Networking got delayed and the new date we hope to be able to start setting things up is this coming friday. Sure hope that pans out as our window to setup everything for the move is shrinking.

There was some more planning ongoing, but will be great to actually start digging in and getting things all setup.

AI Scraper news

The scrapers seem to have moved on from pagure.io. It's been basically unloaded for the last week or more. Sadly, they seem to have discovered koji now. I had to block a few endpoints on the web frontend to stop them. Unfortunately there was a short outage of the hub caused by this, and there were 2 builds that were corrupted as a result. Pretty aggravating.

Nftables

Worked with James to roll out our iptables->nftables switch to production. All the builders are now using nftables. Hopefully we will roll out more next week.
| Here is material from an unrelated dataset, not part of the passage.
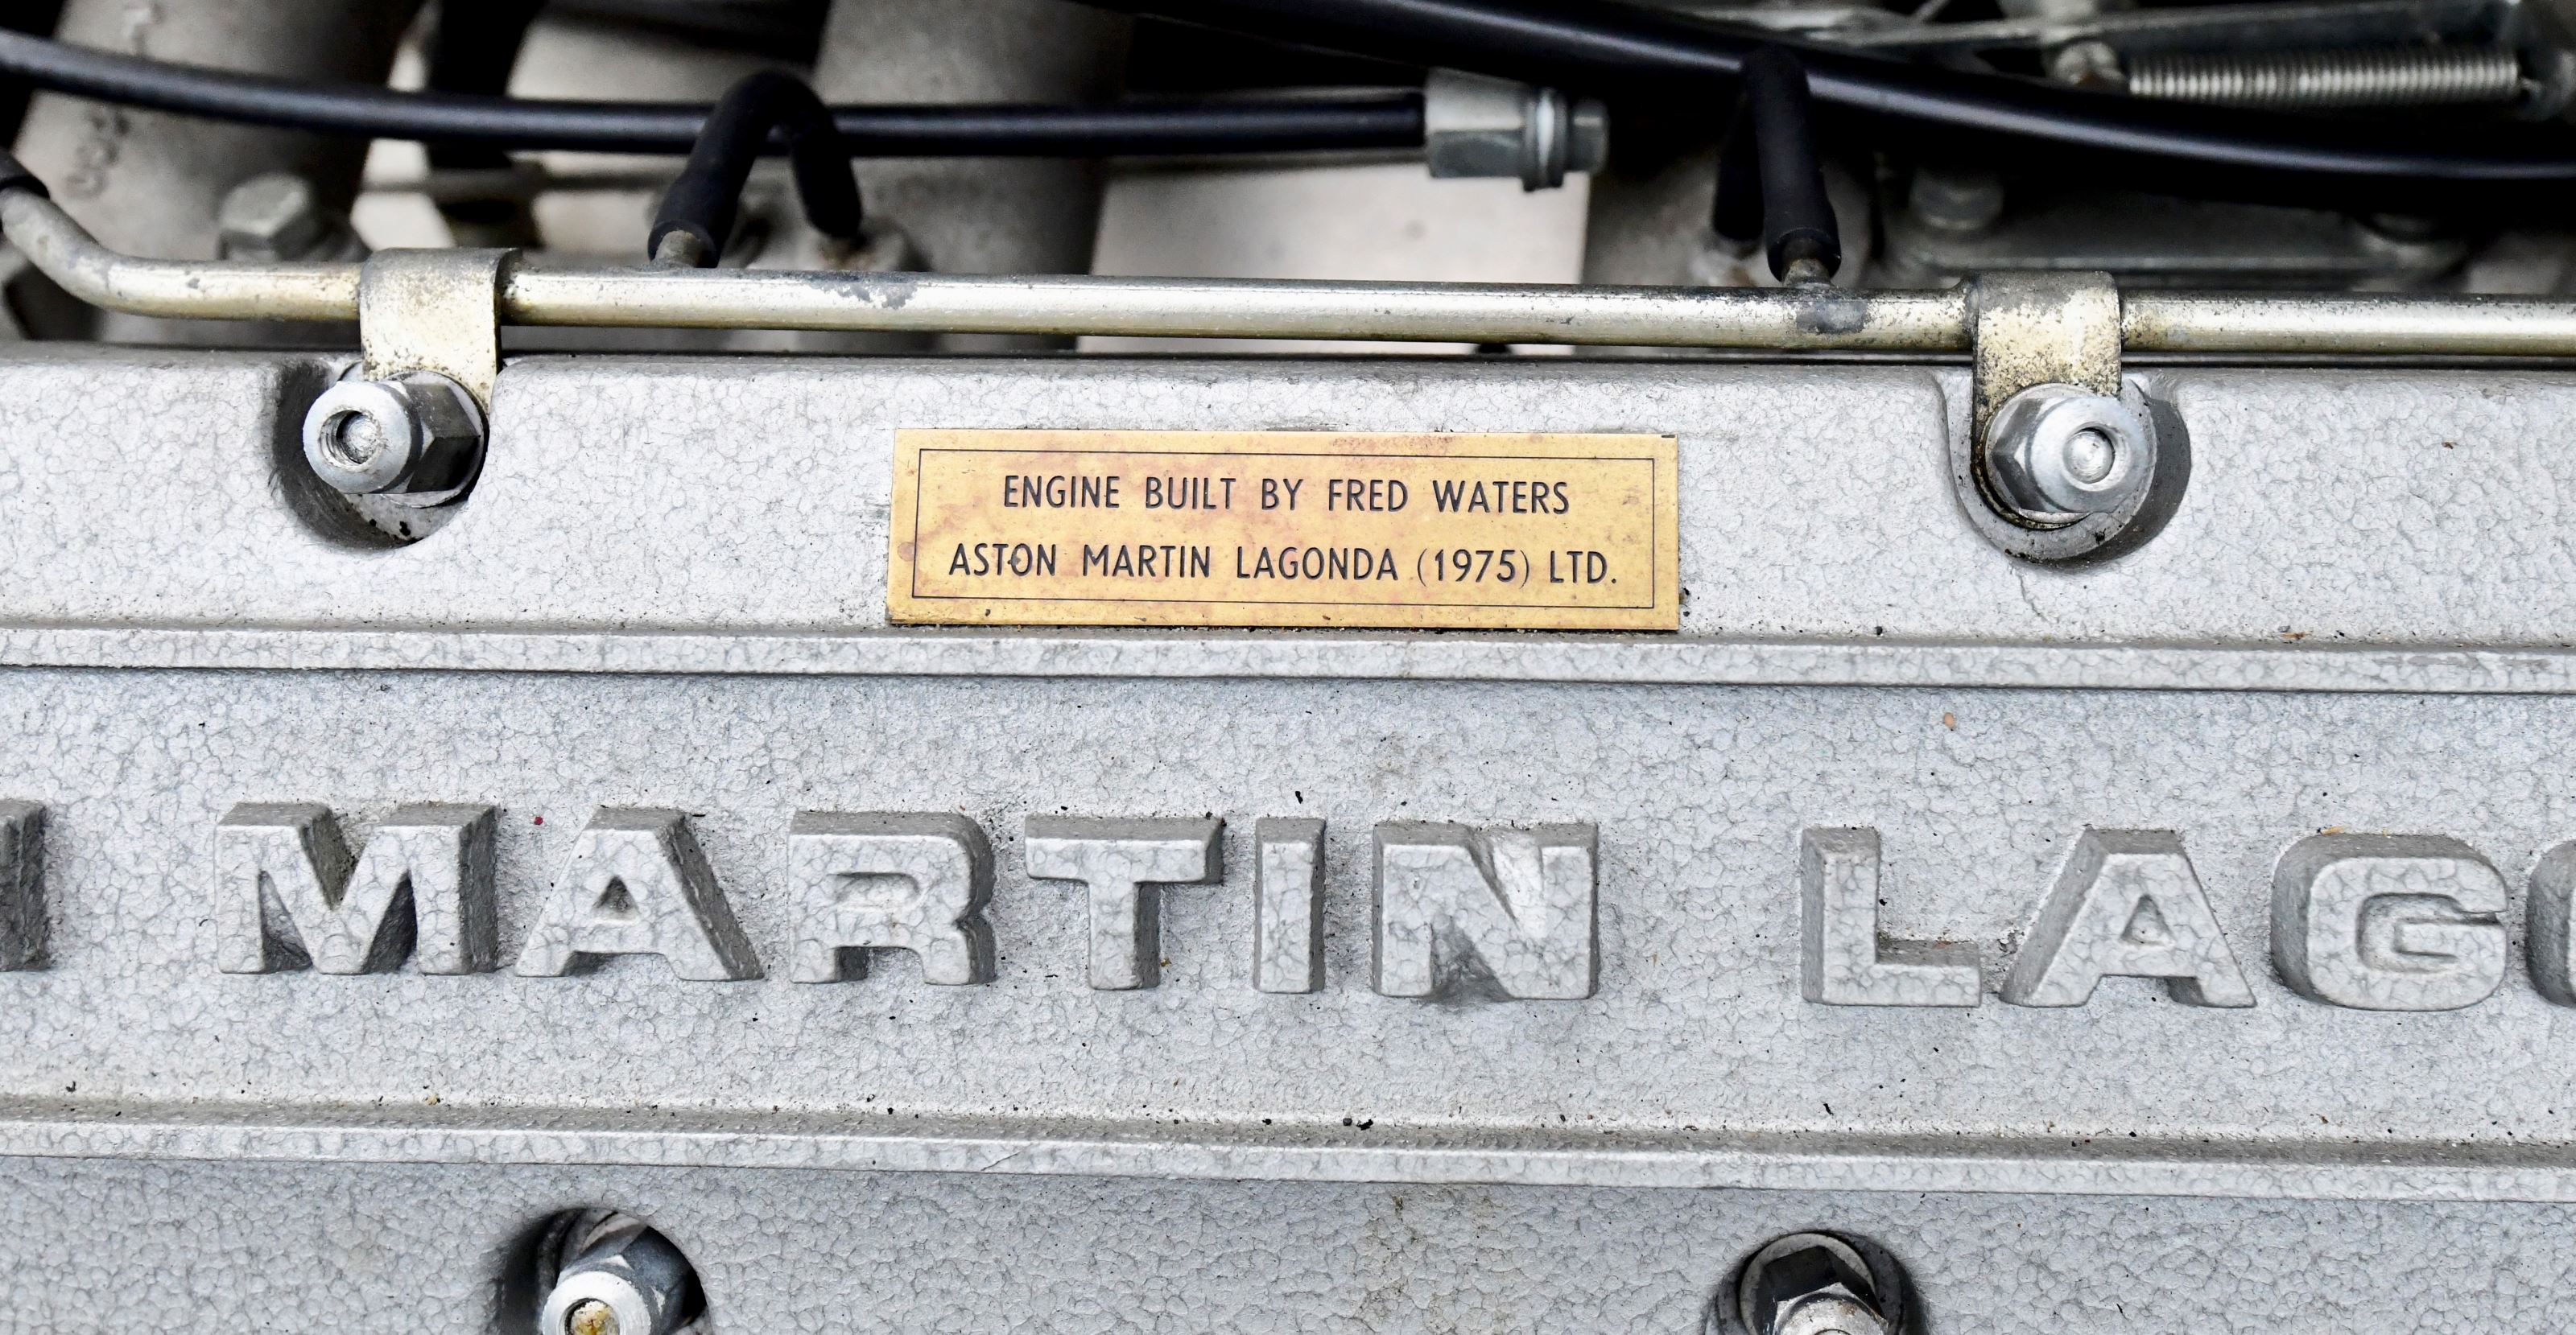 Aston martin v8  volante left hand drive automatic  1gxwgrzzp3shw0fpiuye8
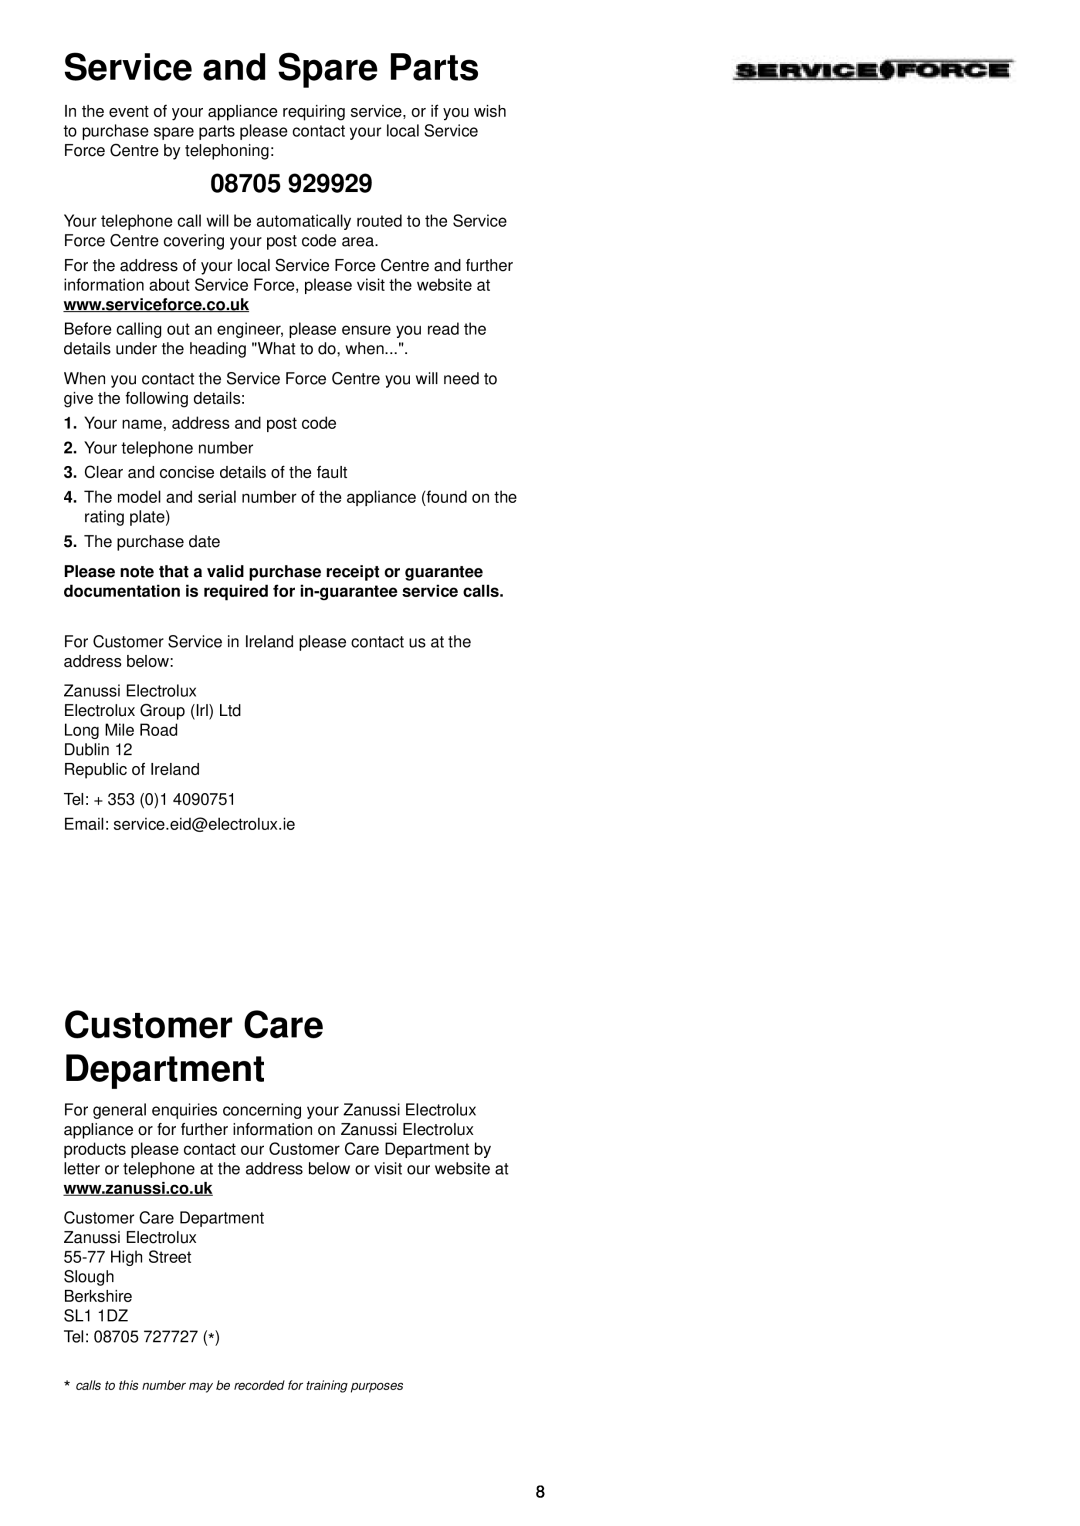 Zanussi DA 6153 manual Service and Spare Parts, Customer Care Department, 08705

Thats it for this week, catch everyone next week!

comments? additions? reactions?

As always, comment on mastodon: https://fosstodon.org/@nirik/114371722035321670

Early Mid April infra bits 2025

nirik

2025-04-12 17:43

Another week has gone by, and here's some more things I'd like to highlight from the last week.

Datacenter Move

I wrote up a community blog post draft with updates for the community. Hopefully it will be up early next week and I will also send a devel-announce list post and discussion thread.

We had a bit of a snafu around network cards. The new aarch64 boxes we got we missed getting 10G nics, so we are working to aquire those soon. The plan in the new datacenter is to have everything on dual 10G nics connected to different switches, so networking folks can update them without causing us any outages.

Some new power10 machines have arrived. I'm hopeful we might be able to switch to them as part of the move. We will know more about them once we are able to get in and start configuring them.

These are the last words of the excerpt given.